OUR OLDER GUYS WILL BE FULLY SPONSORED, OTHERS PULL FEES ARE 25.00 FULLY VETTED. 

I CAN SEND PICTURES OR YOU CAN SEE THE MAJORITY OF THEM ON OUR WEBSITE. 

***IF THERE IS ANYTHING ANYONE CAN DO PLEASE CONTACT SARAH @ ANIMAL SHELTER SOCIETY IN ZANESVILLE OHIO @ 740-452-1077


***FEEL FREE TO CROSSPOST TO HELP SAVE THESE GUYS!!***

Sarah Orwig
Rescue Coordinator
Animal Shelter Society, Inc. 
1430 Newark Rd. 
Zanesville, Oh 43701
740-452-1077


----------



## Hallie (Nov 9, 2008)

I'll definitley crosspost this on a few good beagle forums I'm a part of. I may be able to take one, if we could work out transportation to Tennessee. I could probably get my dad to take another one as a foster as he just placed a few dogs and now has rooms for at least one. So this is in Ohio? What's the story? I'll definitley talk to my dad once I get more information about the dogs.
My brother's senior beagle just passed away and he's very interested in taking one of the older guys if there are any seniors. How would I get a few pictures of the guys?


----------



## Betttie (Jun 11, 2008)

Great Hallie,

I am crossposting. I am not connected to the shelter so please contact the person in the e-mail. I love beagles too.

If anything works out with you and your dad taking any beagles please post. 

Thanks for caring and crossposting.

Contact the shelter for pics and more info. I post for several rescues in Ohio so I am on urgent lists. I don't know the specifics about each dog. I do know that Ohio has been hit hard with job losses and foreclosures and I imaginesome of the owner surrenders especially older dogs are because of this.

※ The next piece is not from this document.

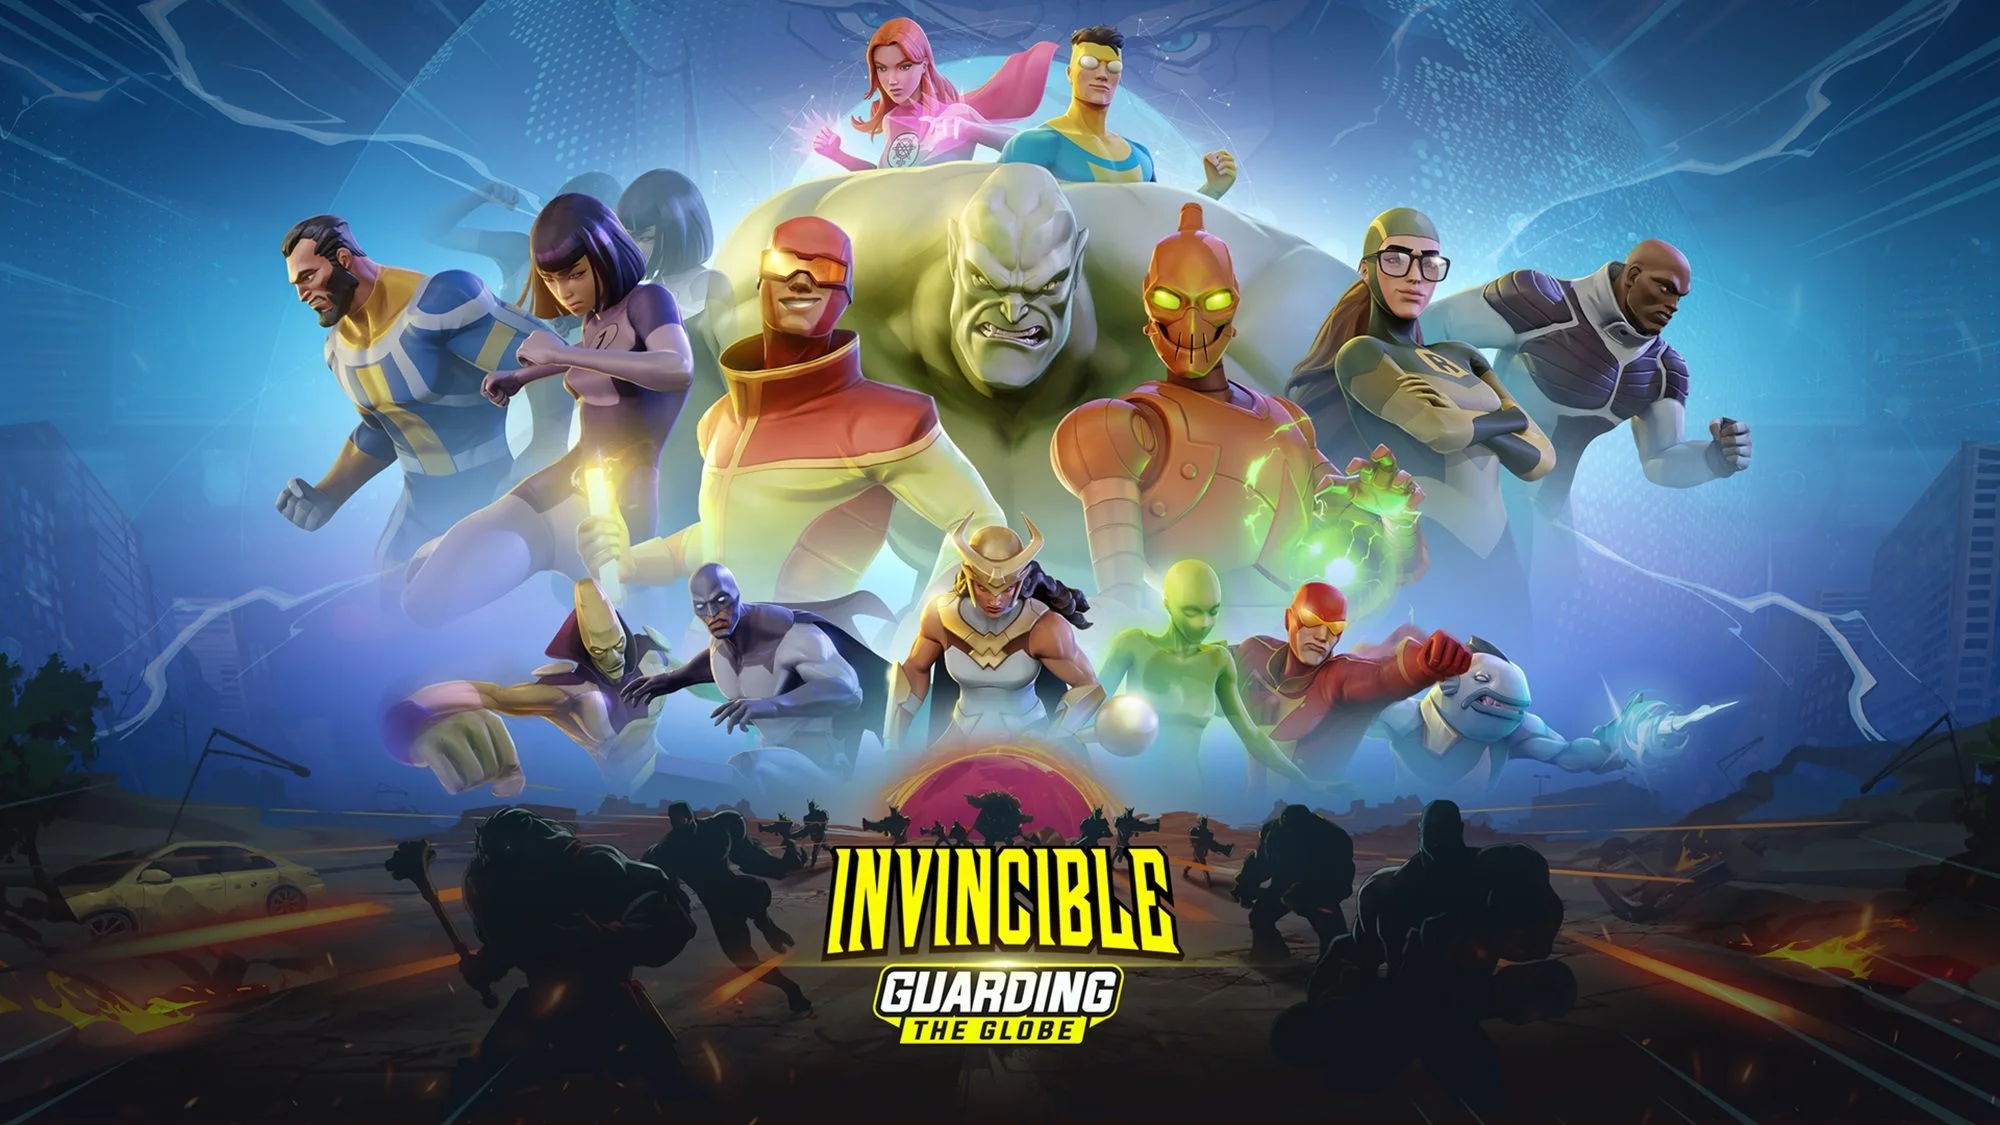 A mobile game based on the animated series and comics Invincible has been released

Check it out.


----------



## delee39 (Nov 30, 2009)

send the information to me...
RobDar's HoundSong Rescue
you guys have the information, we have worked with you in the past.

We are full right now, but we will crosspost them if you wish and keep these dogs in mind as openings come available.
BREW Beagles is not taking in dogs right now ( we are all so jammed up with dogs right now...busiest we have been in 14 years) but I think BONES is still taking dogs.


----------